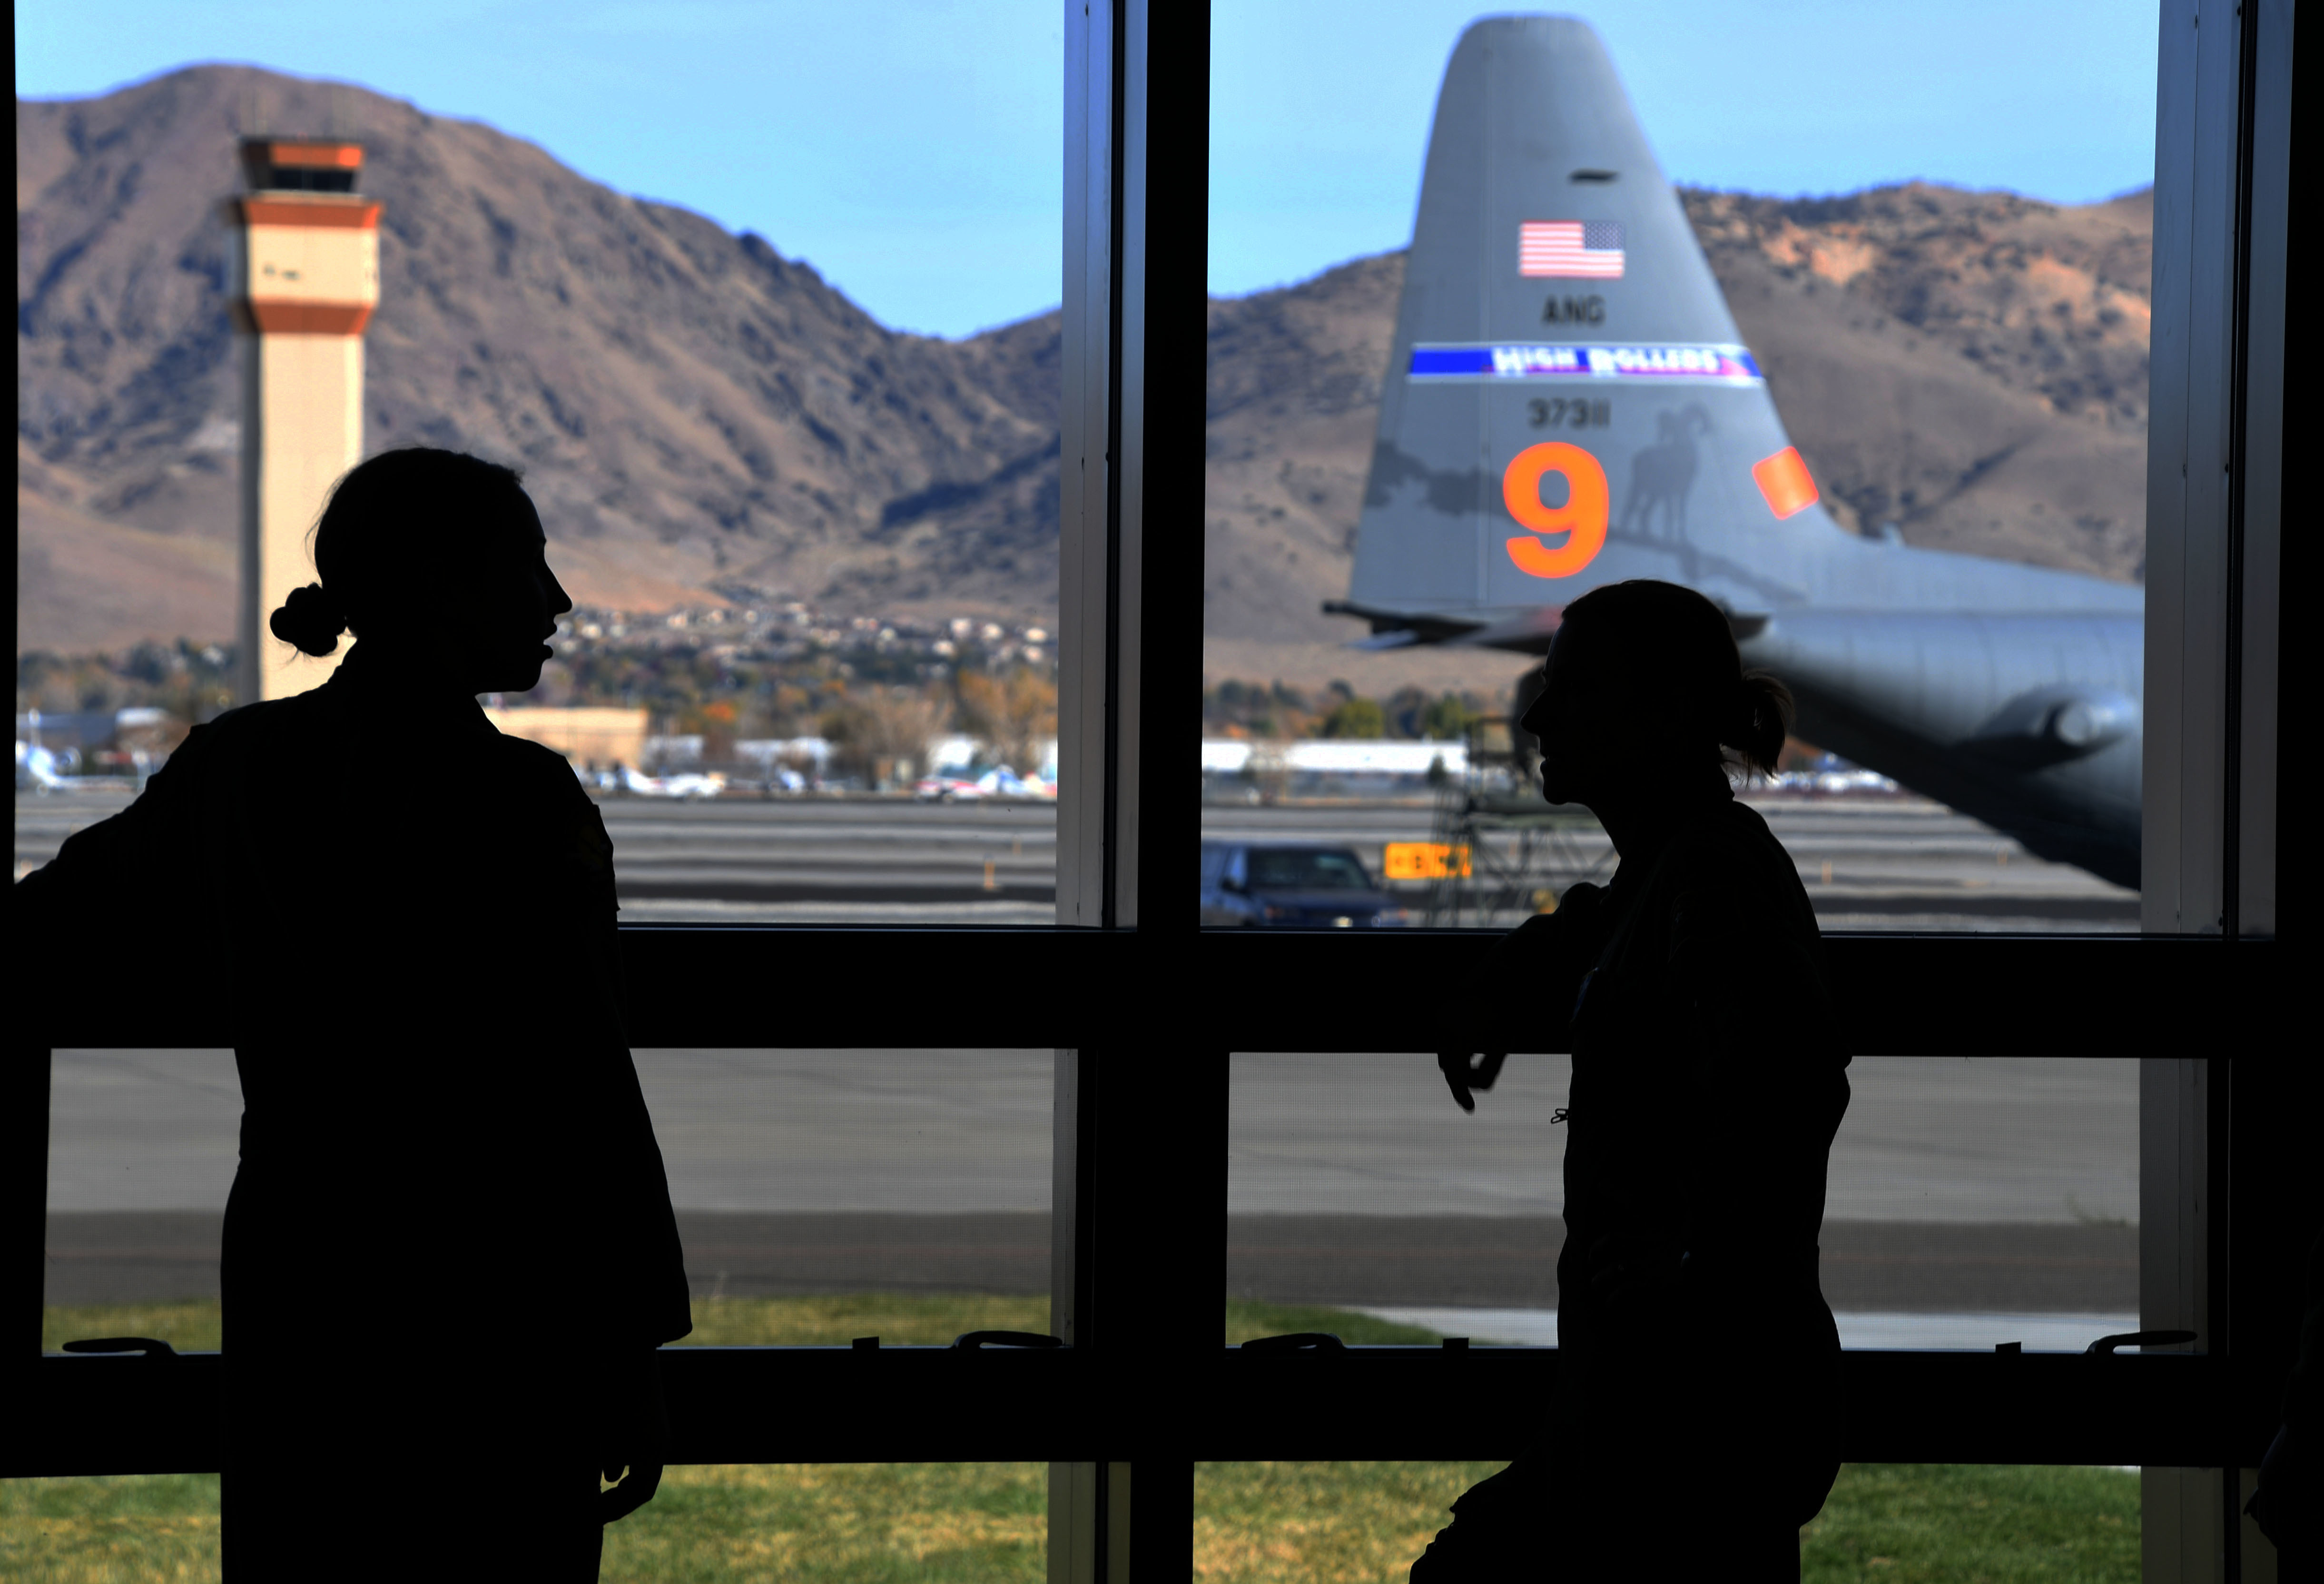 Airmen from the 152nd Airlift Wing in Reno, Nev. tour the newly opened refurbished operations building Nov. 3, 2018 at the Air National Guard base in Reno, Nev. A ribbon cutting ceremony was held to celebrate the completion of an $11 million federally funded modernization of the wing's operations building
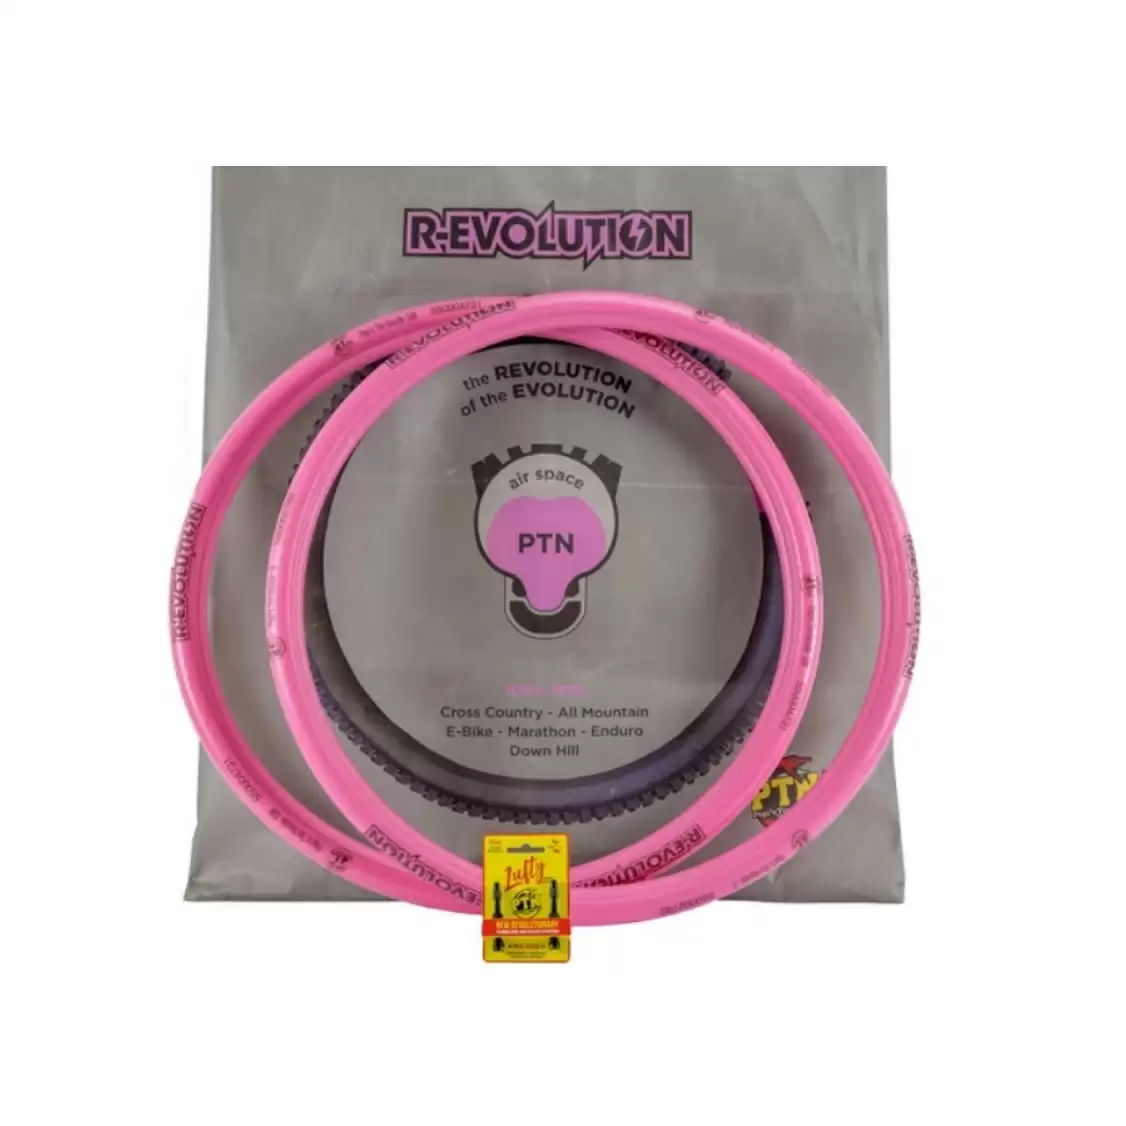 Tubeless kit R-Evolution puncture prevention 27,5 size S/M pink - image
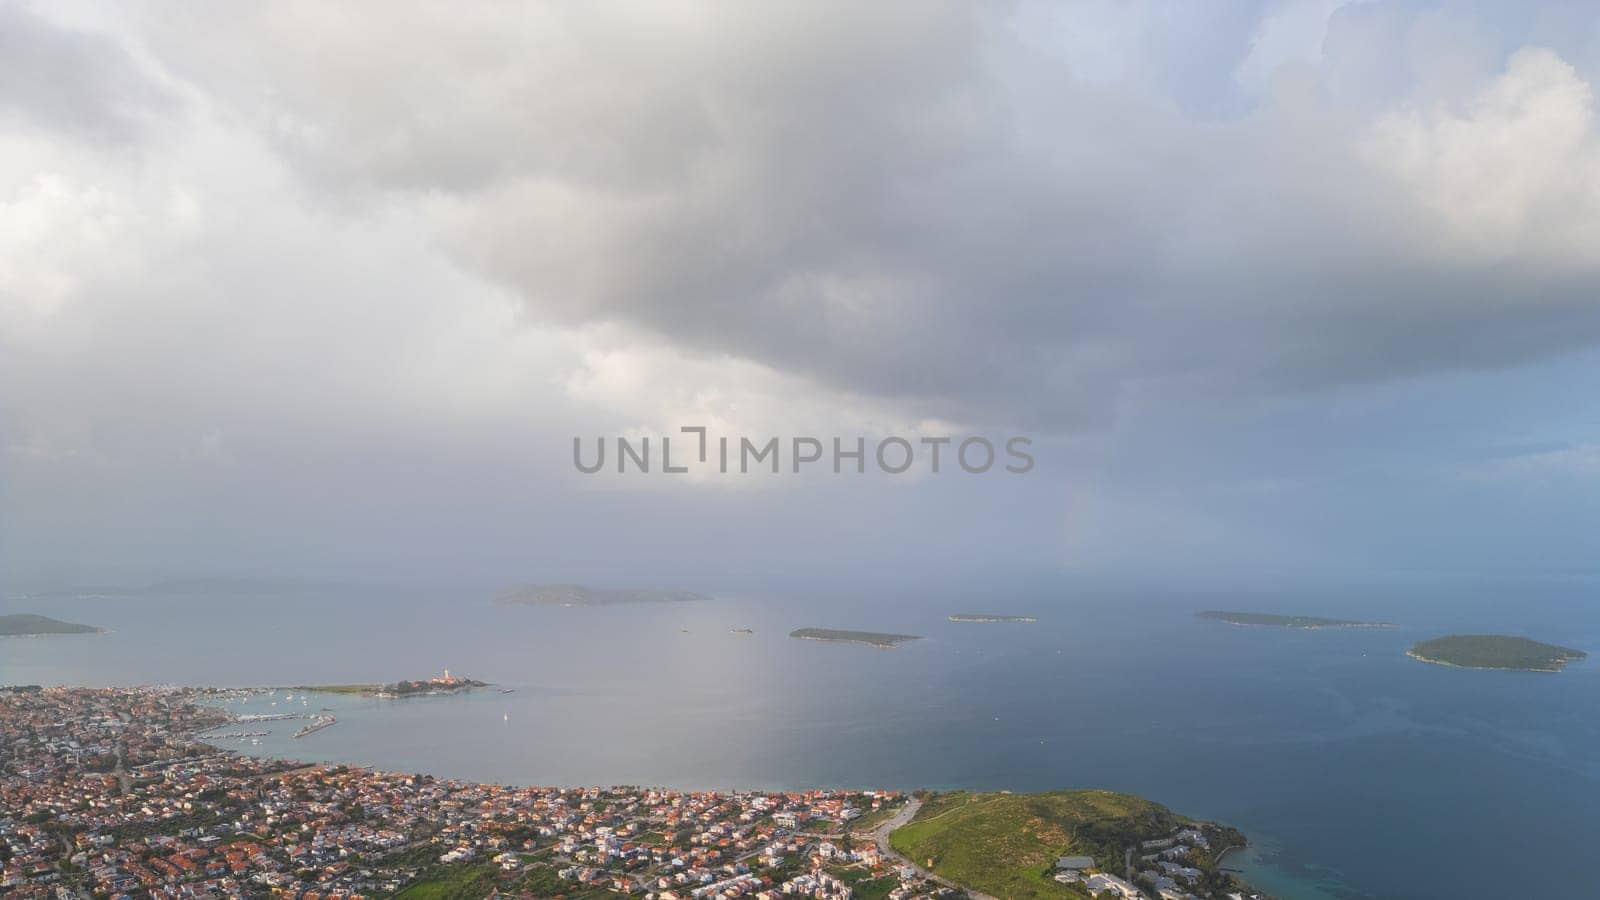 Urla Cesmealti aerial view with drone. Turkey's touristic seaside town in the Aegean. Urla , Cesmealti. High quality photo
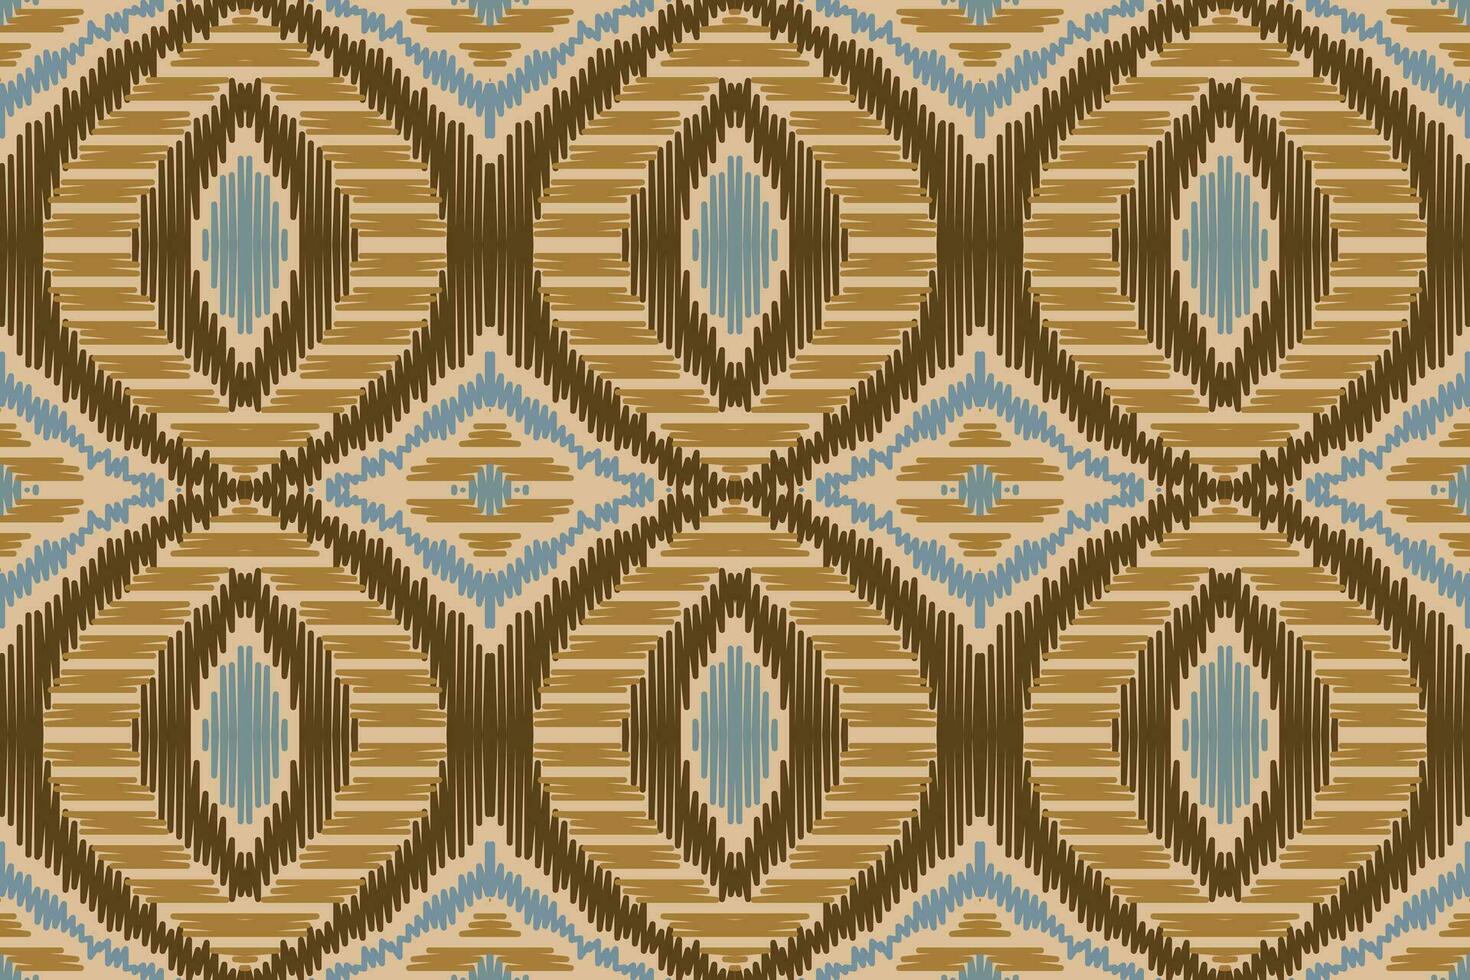 Ikat Damask Paisley Embroidery Background. Ikat Background Geometric Ethnic Oriental Pattern Traditional. Ikat Aztec Style Abstract Design for Print Texture,fabric,saree,sari,carpet. vector

*To do:*
Please print exactly the lines running from the line with "Tubeless kit R-Evolution" through the final line of the material, and nothing more. Keep pictures out.

*Answer:*
 Tubeless kit R-Evolution puncture prevention 27,5 size S/M pink - image
 Urla Cesmealti aerial view with drone. Turkey's touristic seaside town in the Aegean. Urla , Cesmealti. High quality photo
 Ikat Damask Paisley Embroidery Background. Ikat Background Geometric Ethnic Oriental Pattern Traditional. Ikat Aztec Style Abstract Design for Print Texture,fabric,saree,sari,carpet. vector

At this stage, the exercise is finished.